Drill 2: GPU Pod Starts But CUDA Is Unavailable

Commands:

kubectl logs -n gpu-operator -l app=nvidia-device-plugin-daemonset
kubectl logs -n gpu-operator -l app=nvidia-driver-daemonset
kubectl describe node <node> | grep -A8 -i allocatable
kubectl exec -n inference <pod> -- nvidia-smi
kubectl get runtimeclass

What you are checking:

Device plugin health.
Driver daemon health.
Container toolkit/runtime path.
Driver/CUDA compatibility.
Whether Kubernetes allocated a GPU to the pod.
Whether the workload image expects a newer CUDA capability than the host driver supports.

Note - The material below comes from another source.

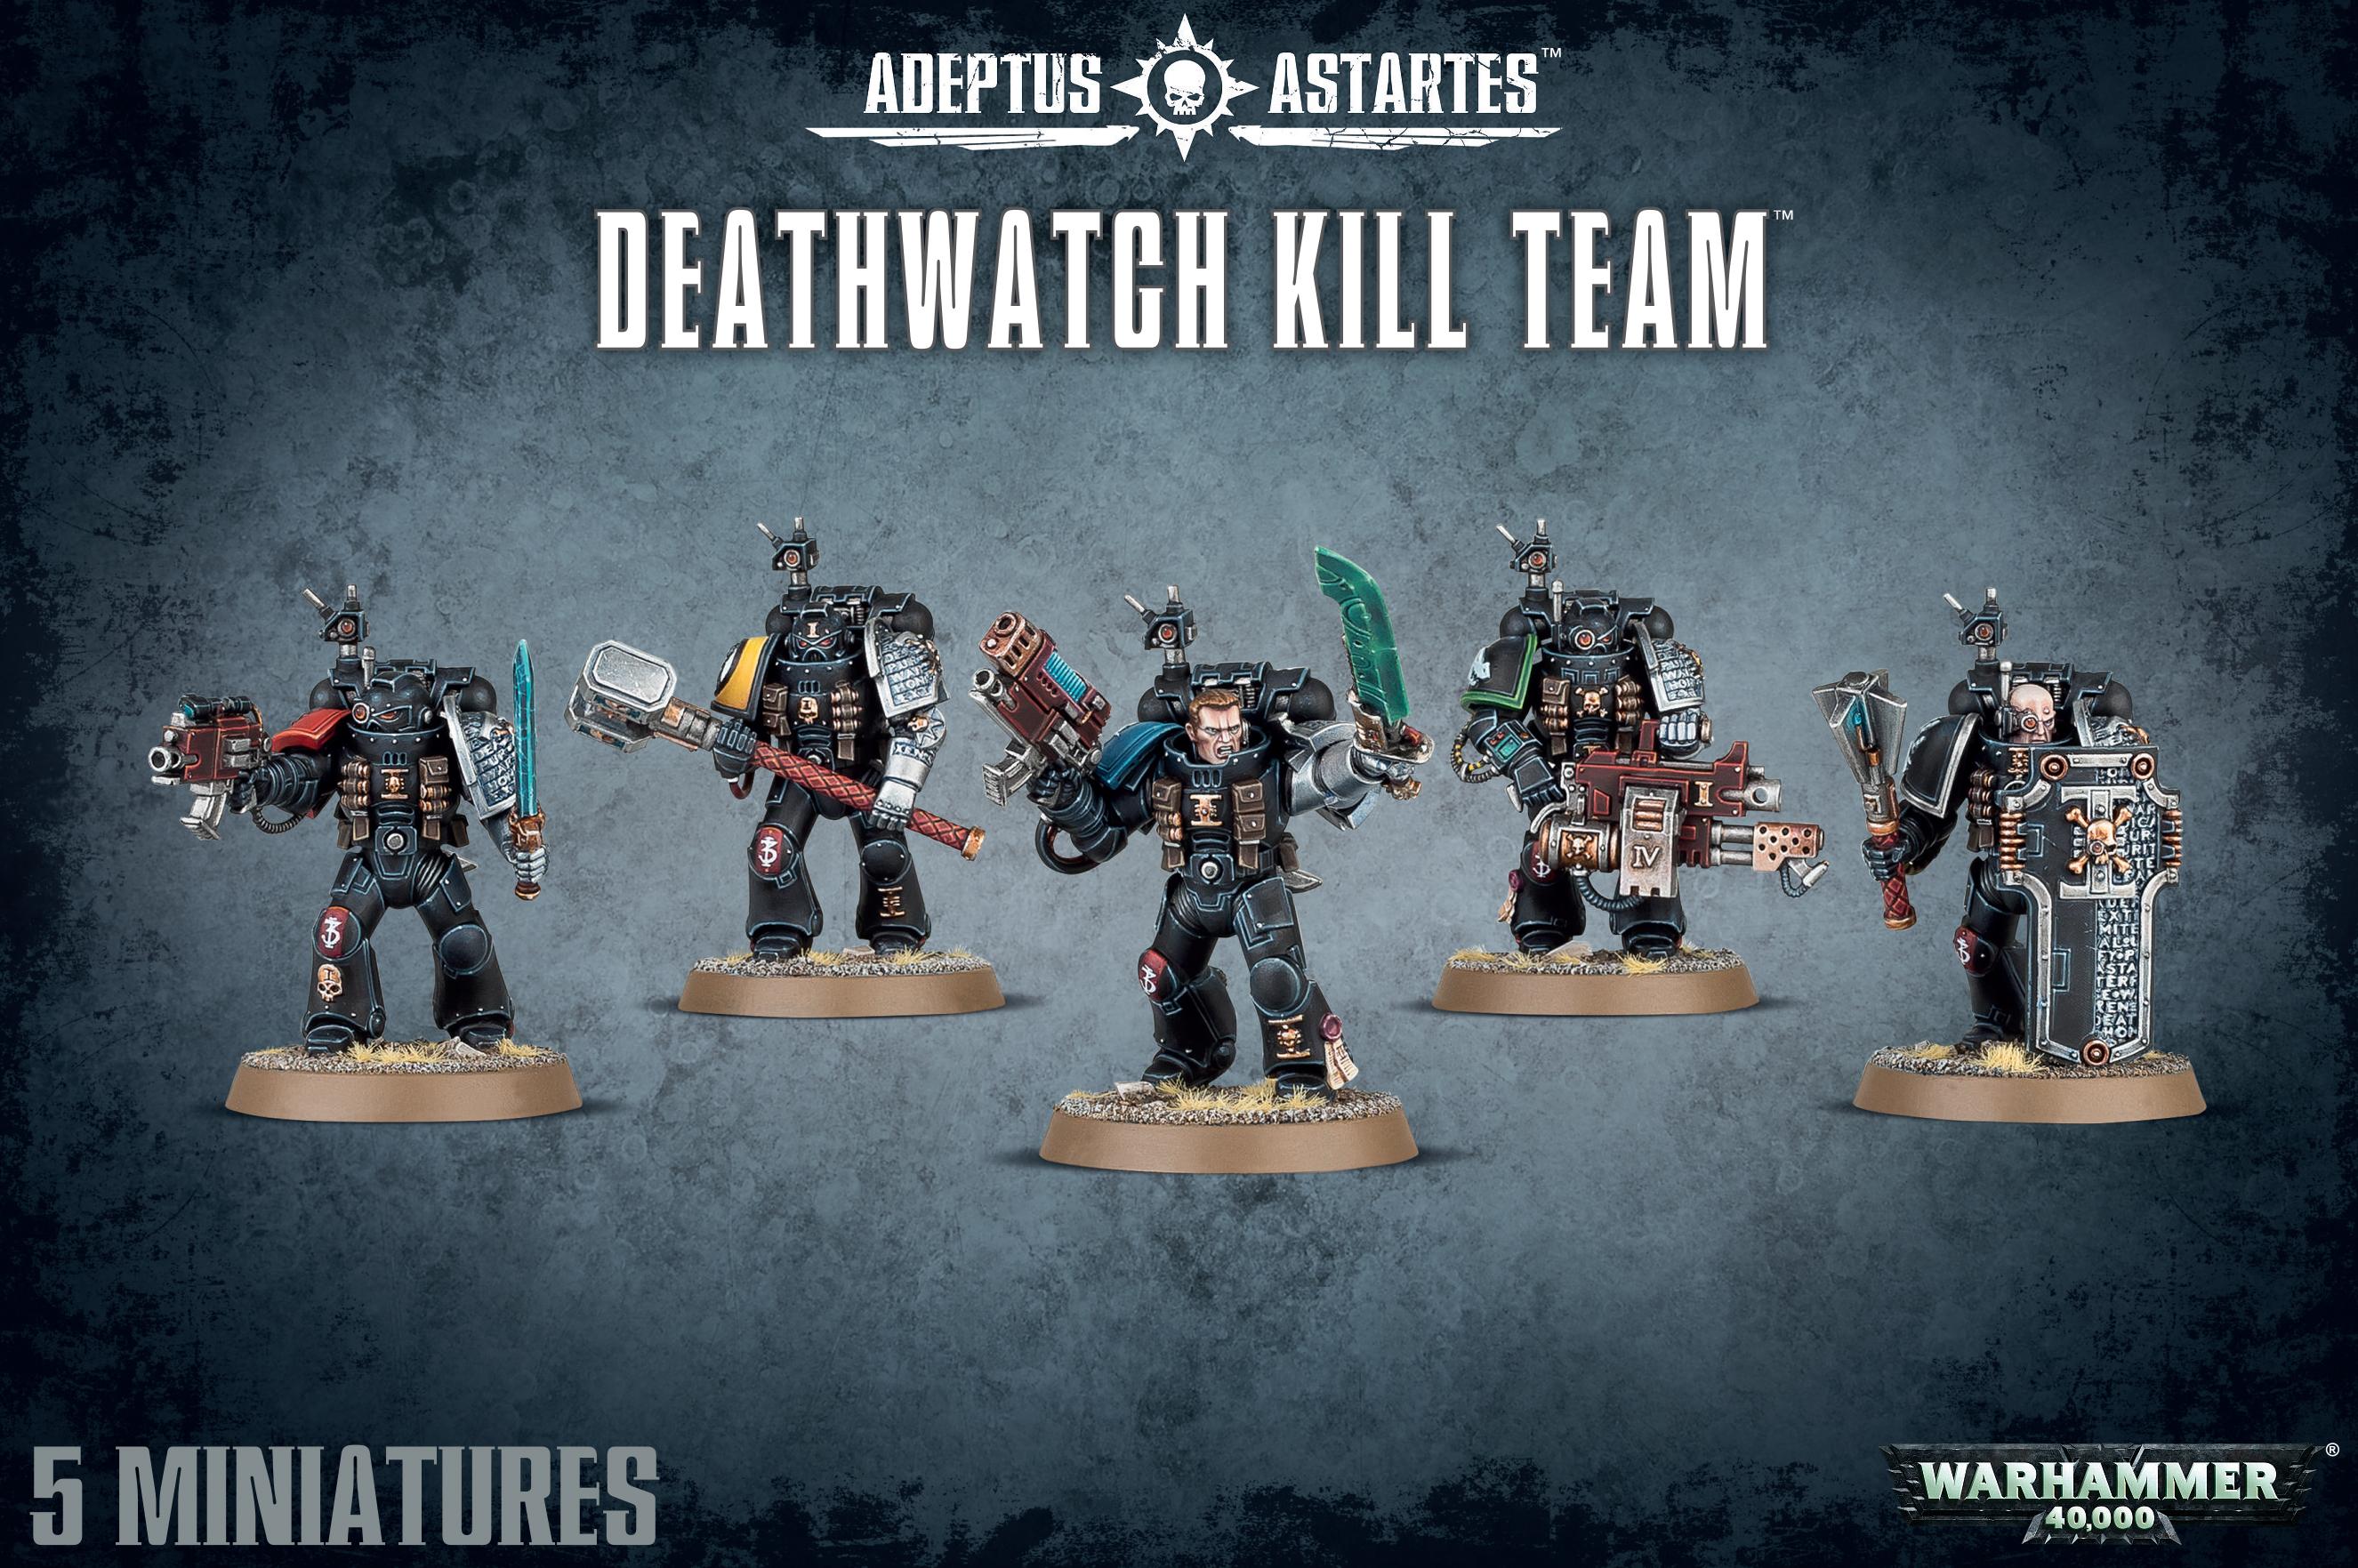 Deathwatch Kill Team

Drill 3: CrashLoop After Runtime Image Change

Commands:

kubectl rollout history deploy/<deploy> -n inference
kubectl describe pod -n inference <pod>
kubectl logs -n inference <pod> --previous
kubectl get rs -n inference -o wide
kubectl diff -f rendered-manifest.yaml

Hypotheses:

Bad image.
Missing env/secret/config.
CUDA/driver mismatch.
Model artifact path changed.
Startup probe too aggressive.
GPU memory allocation failure.

Mitigation:

Pause rollout.
Roll back if user impact.
Keep failed pod evidence.
Add startup validation and compatibility gate.

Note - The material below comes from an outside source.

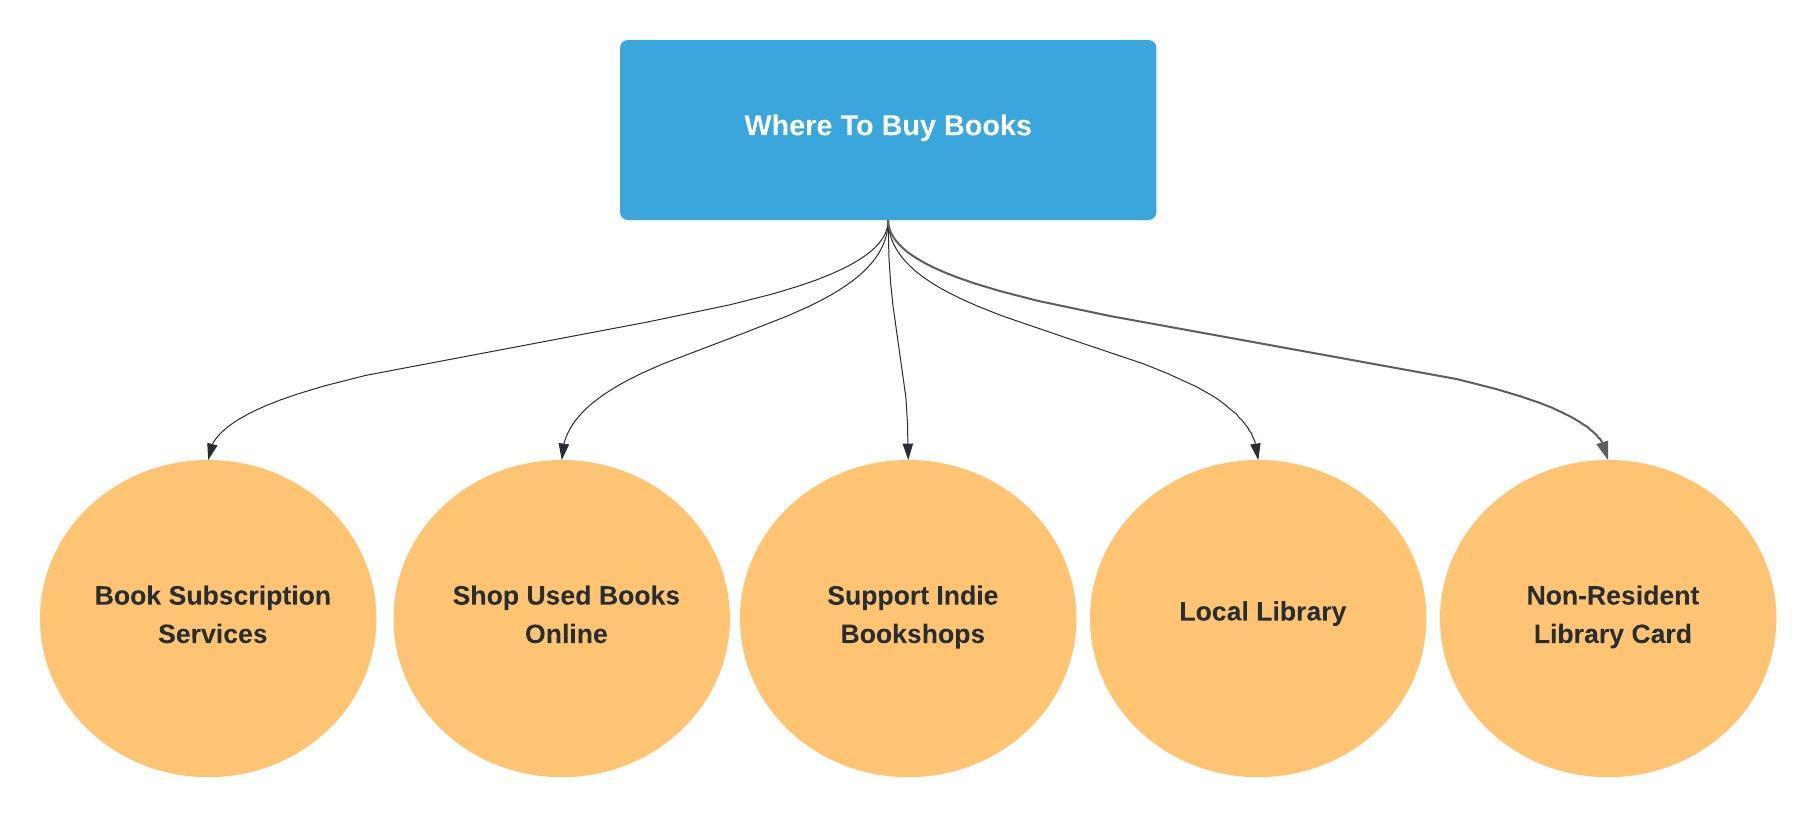 Book Club Where To Buy Books Diagram

Drill 4: p99 Latency Spike With No Error Spike

Commands and sources:

kubectl top pods -n inference
kubectl top nodes
kubectl get hpa -n inference
kubectl get --raw /metrics | grep scheduler_pending

Also inspect:

Model server queue time.
Batch wait.
GPU utilization and memory.
Request mix.
Recent deploys.
Network and downstream latency.

Senior answer:

A latency-only incident often means saturation, queuing, batching, warmup, or dependency latency. I would split total request time into queue, compute, network, and downstream before changing capacity or batch settings.

Drill 5: Node Drain Hangs

Commands:

kubectl drain <node> --ignore-daemonsets --delete-emptydir-data --dry-run=server
kubectl get pdb -A
kubectl get pods -A -o wide --field-selector spec.nodeName=<node>
kubectl describe pod -n <ns> <pod>

Causes:

PDB blocks eviction.
Pod uses local storage.
DaemonSet pod ignored.
Finalizer stuck.
Workload has no safe replacement capacity.

Senior close:

Drain automation must treat a blocked PDB as a safety signal, not an obstacle to force through during normal operations.

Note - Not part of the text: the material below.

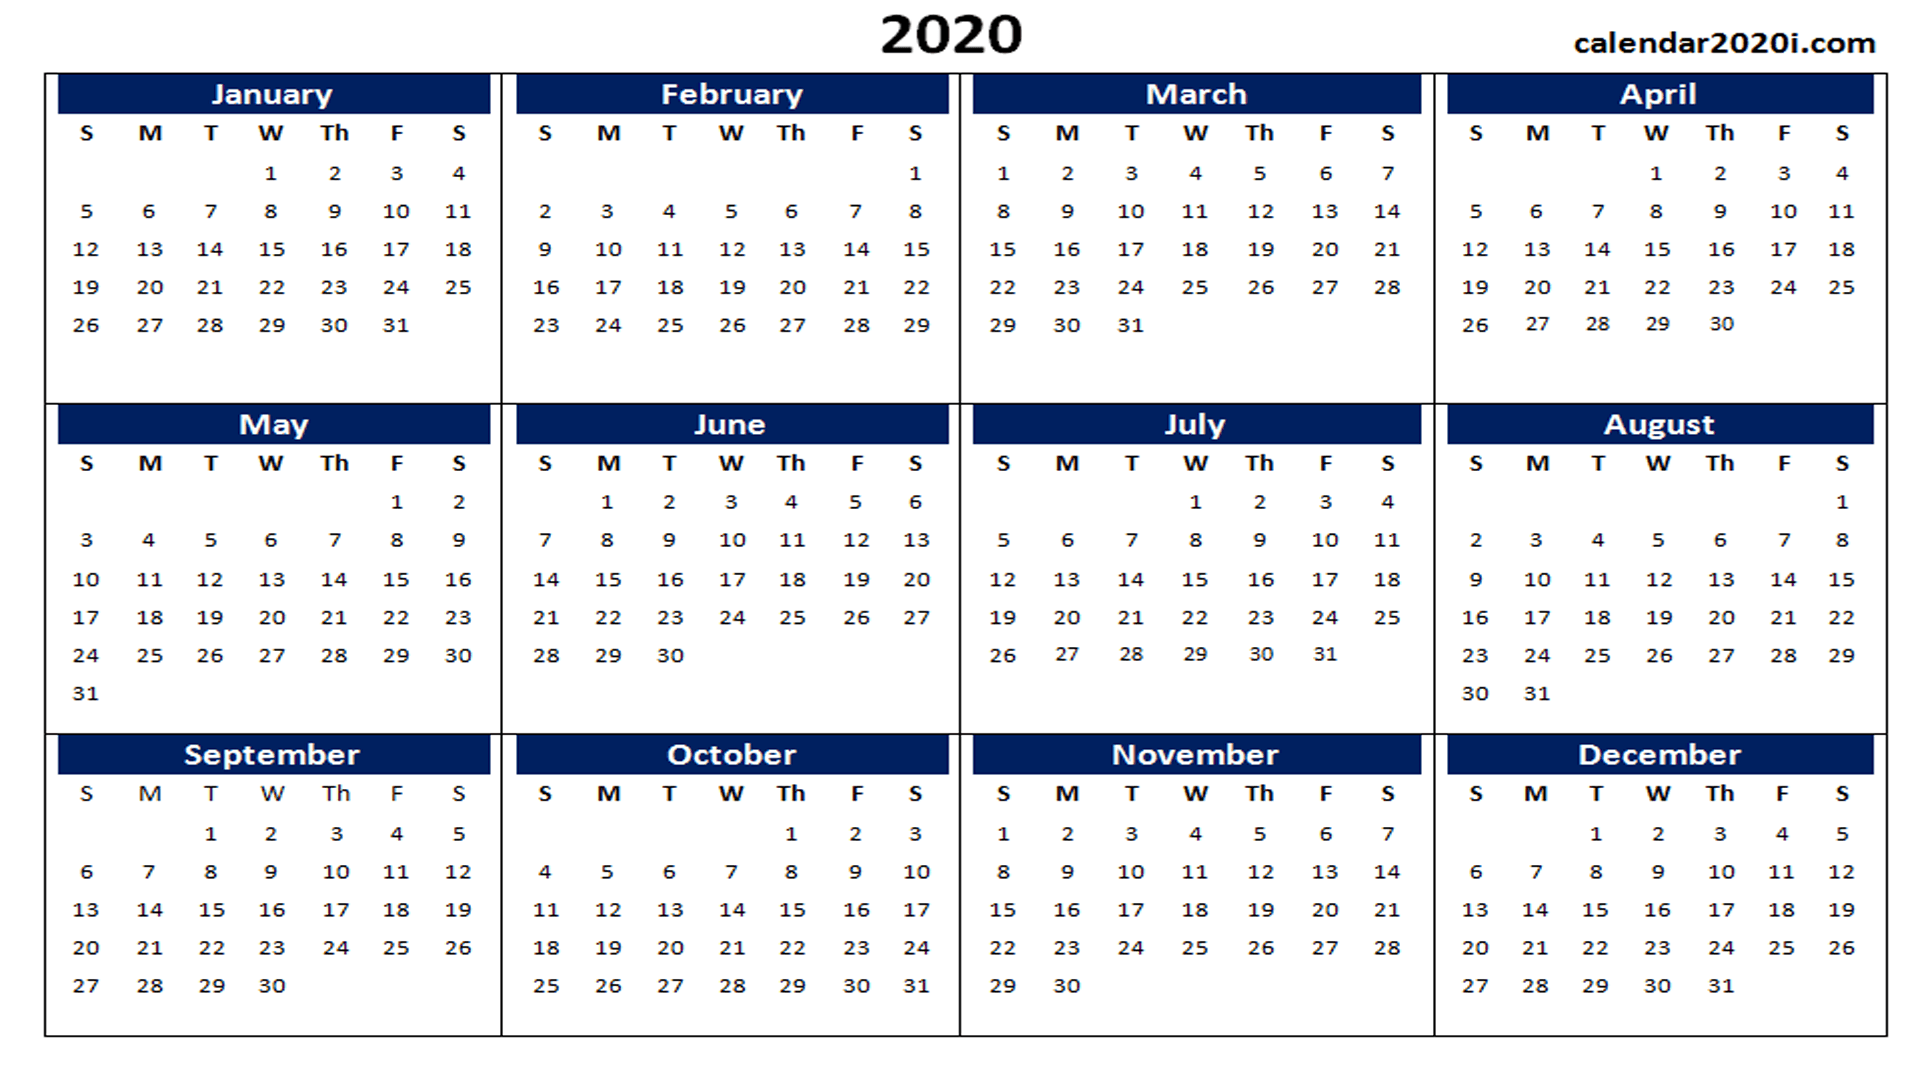 Calendar Wallpaper 2020 2020 Calendar Wallpapers   Wallpaper Cave

Drill 6: Gateway Route Sends Traffic To Wrong Version

Commands:

kubectl get gateway,httproute,grpcroute -A
kubectl describe httproute -n <ns> <route>
kubectl get svc,endpointslices -n <ns>
kubectl logs -n <gateway-ns> deploy/<gateway-controller>

Check:

Route attachment.
Hostname and path match.
Backend refs and weights.
Cross-namespace reference grants.
Service selectors.
Endpoint readiness.

Drill 7: CNI Or Network Policy Drop

Commands:

kubectl get networkpolicy -A
kubectl describe networkpolicy -n <ns> <policy>
kubectl exec -n <ns> <pod> -- curl -v http://service:port/health
kubectl exec -n <ns> <pod> -- nslookup service.namespace.svc.cluster.local

If Cilium/Hubble is available:

cilium status
cilium connectivity test
hubble observe --namespace <ns>

Explain:

DNS success does not imply TCP success.
Service success does not imply pod-to-pod policy success.
Policy can block egress, ingress, or DNS.

Drill 8: GitOps Drift

Commands:

argocd app get <app>
argocd app diff <app>
flux get kustomizations -A
flux get helmreleases -A
kubectl get events -n <app-ns> --sort-by=.lastTimestamp

Strong answer:

I would not fight the reconciler. If the live change is correct, it needs to be committed to source of truth or the controller needs an intentional, audited pause.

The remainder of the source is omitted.